Brass construct badge of The Royal West African Frontier Force.
Mounting pins intact.
The following is taken from Wikipedia:
The West African Frontier Force (RWAFF) was a multi-battalion field force, formed by the British Colonial Office in 1900 to garrison the West African colonies ofNigeria, Gold Coast, Sierra Leone and Gambia. The decision to raise this force was taken in 1897 because of concern at French colonial expansion in territories bordering on Northern Nigeria.
The task of raising the new locally recruited force was entrusted to Colonel F.D. Lugard who arrived in Nigeria in 1898. The following year an interdepartmental committee recommended the amalgamation of all existing British colonial military forces in West Africa under the designation of the West African Field Force.

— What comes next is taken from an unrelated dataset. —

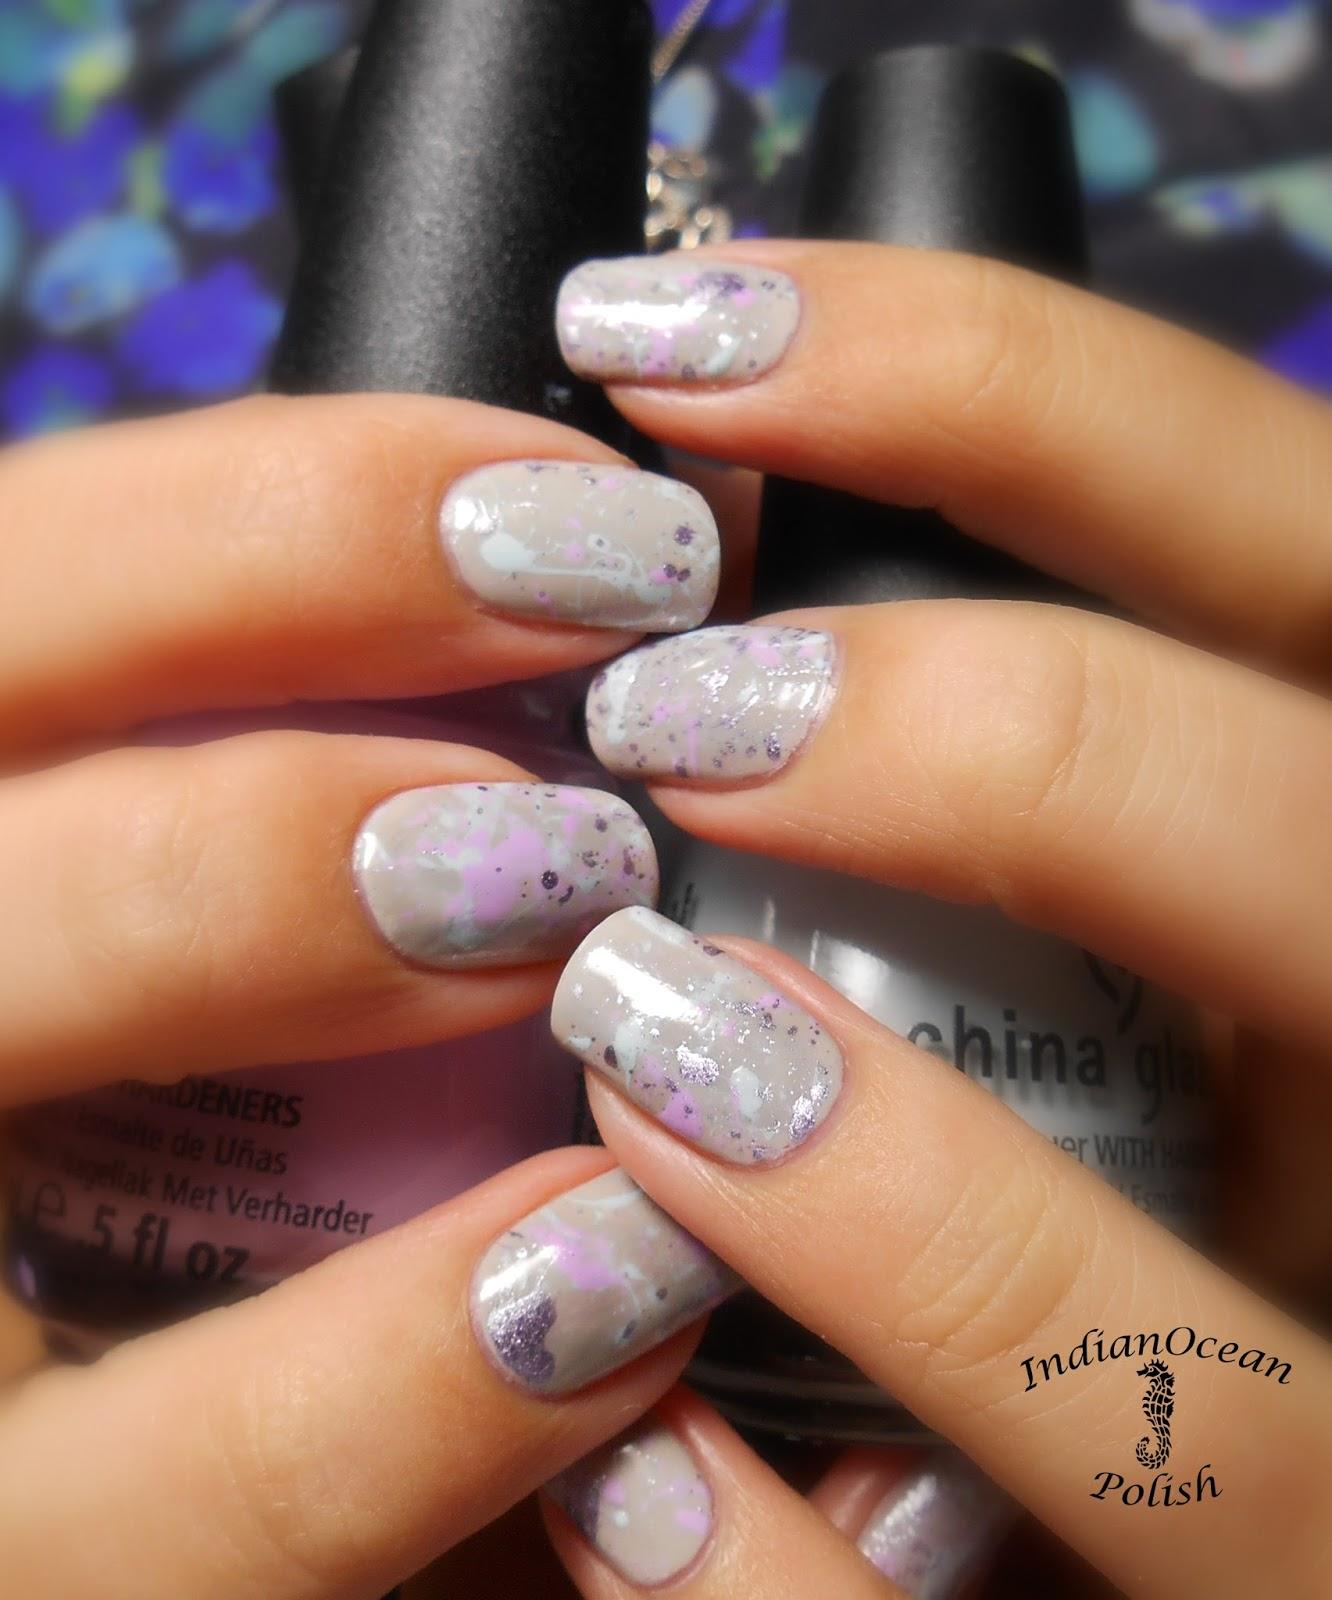 Indian Ocean Polish Colour Blocking Nails With Opi Fly: Indian Ocean Polish: Pastel Paint Splatter Nail Art Tutorial

By 1908 the RWAFF in Northern Nigeria comprised two battalions of infantry, two batteries of artillery and one company of engineers. The infantry battalions at that time had an establishment of 1,200 men, the artillery 175 and the engineers 46. There were 217 British officers, non-commissioned officers and specialists. Mounted infantry detachments were subsequently raised. The standard weapon was the .303Martini-Enfield carbine, with QF 2.95 inch mountain guns (quick firing pack howitzers) for the artillery.
In 1957 the British colony of The Gold Coast obtained independence as Ghana and the Gold Coast Regiment was withdrawn from the RWAFF to form the Ghana Regiment of Infantry in the newly independent nation.
The RWAFF was finally disbanded in 1960 as the British colonies of Nigeria, Sierra Leone and The Gambia moved towards independence. The former RWAFF units formed the basis of the new national armies of their respective states.